Thanks, Phelan and Laurie, for the tips. I'm going to be doing the raised beds as soon as we are on an even keel with jobs and finances. We're battling for time and resources right now. There are some small farms around here, and I might be able to nab some manure, stable straw, or compost. For now we have some big pots I can be filling till we've gathered resources for a larger scale. I may just go ahead and sow some of the sunflowers to hopefully naturalize the unused areas on the vacant lot till I figure the rest out as we go.

If we can get our jobs secure, we'll know our schedules and can have some NORMALITY around here :)

I'll keep you posted as to how the first efforts go...thanks for the encouragement!

PALocalvore said...

I love sunflowers- and I usually have some sort of combination of red ones from seeds I toss out and hope grow, and yellow ones that are volunteers from the bird feeders. A couple of years ago my husband shoveled out the (DEEP) layer of sunflower seed shells under the feeder, and we used them to mulch an area that I thought was too shady to grow anything bu impatiens. (I was a little worried about using the shells as mulch because I had read that sunflowers seeds emit an herbicide to eliminate competition. However, the husband does what he wants, and so the area got mulched.) To my great surprise, a whole bunch of seeds sprouted, and the whole area was filled with sunflowers that summer.
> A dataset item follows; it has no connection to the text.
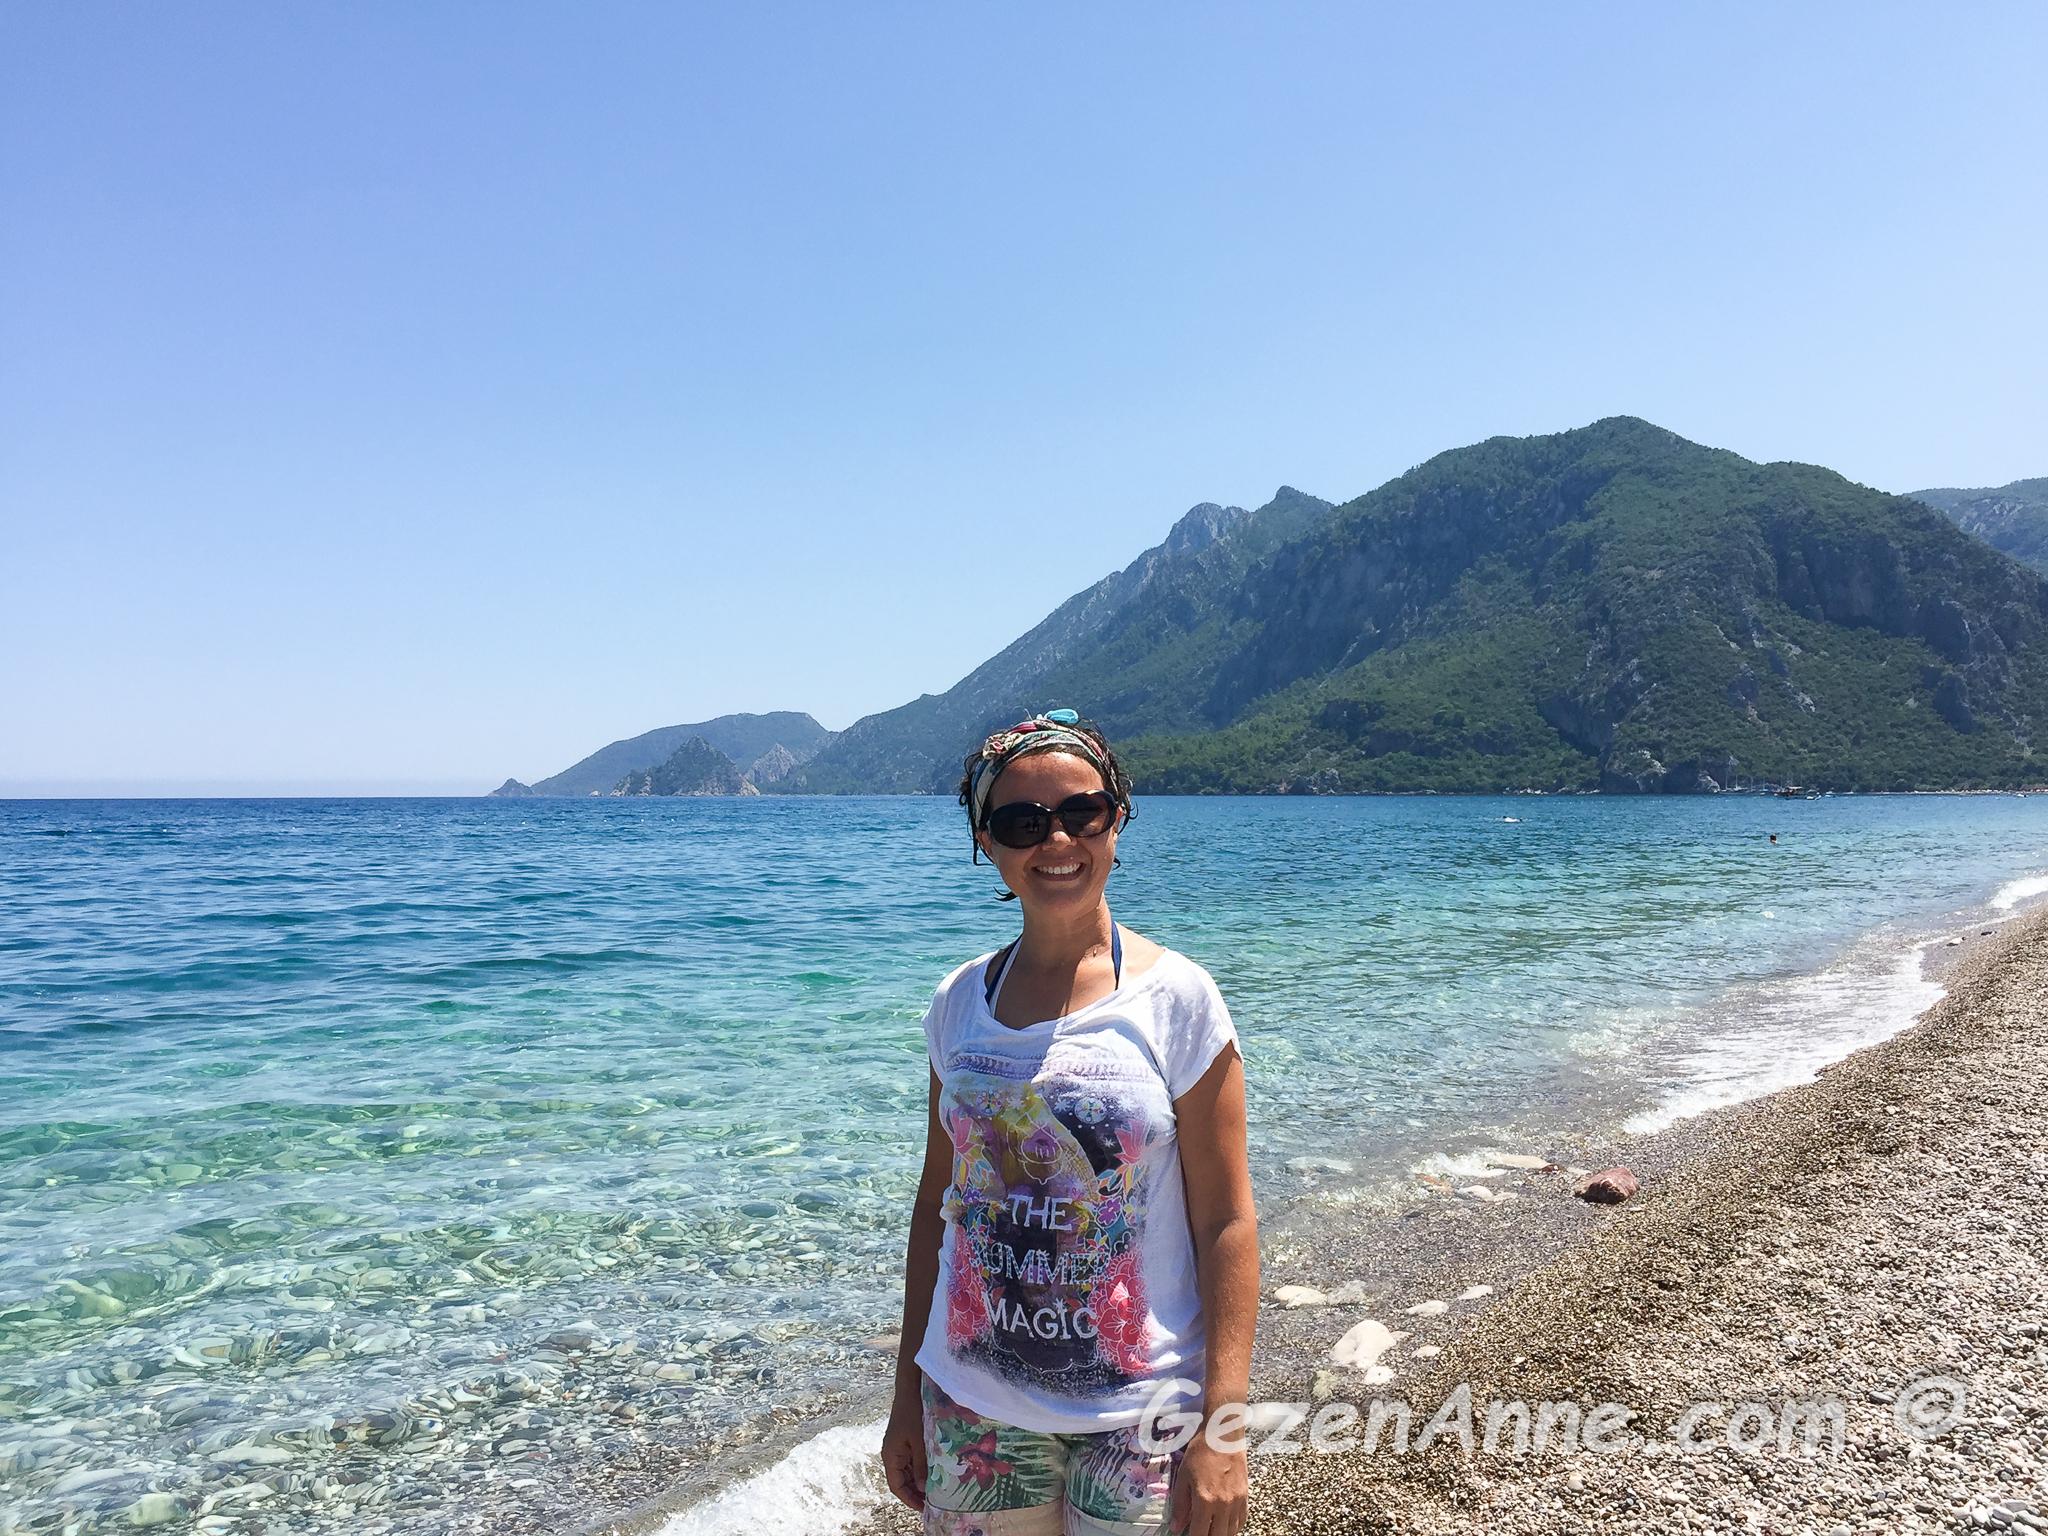 inanılmaz berraklıktaki Çıralı denizi Türkiye'deki en güzel denizlerden biri

Right now I envy you your non-winters! Yesterday I saw my first robin, today I have 6 inches of snow covering the ground where he was hopping around.

Willa

Robbyn said...

Oh, your flowers sound beautiful!

I'm smiling at your mention of robins. About six weeks ago, (or maybe more?), I remarked to my husband that we had quite a few robins in the backyard hopping around, and that it must be spring. Then I laughed to myself, since in Tennessee we'd only see them in April or May at the earliest. Then I drove down the road and I saw a flock of what had to be hundreds of them, which is a common occurence every day, till they fly up toward you and take the rest of the country its Spring.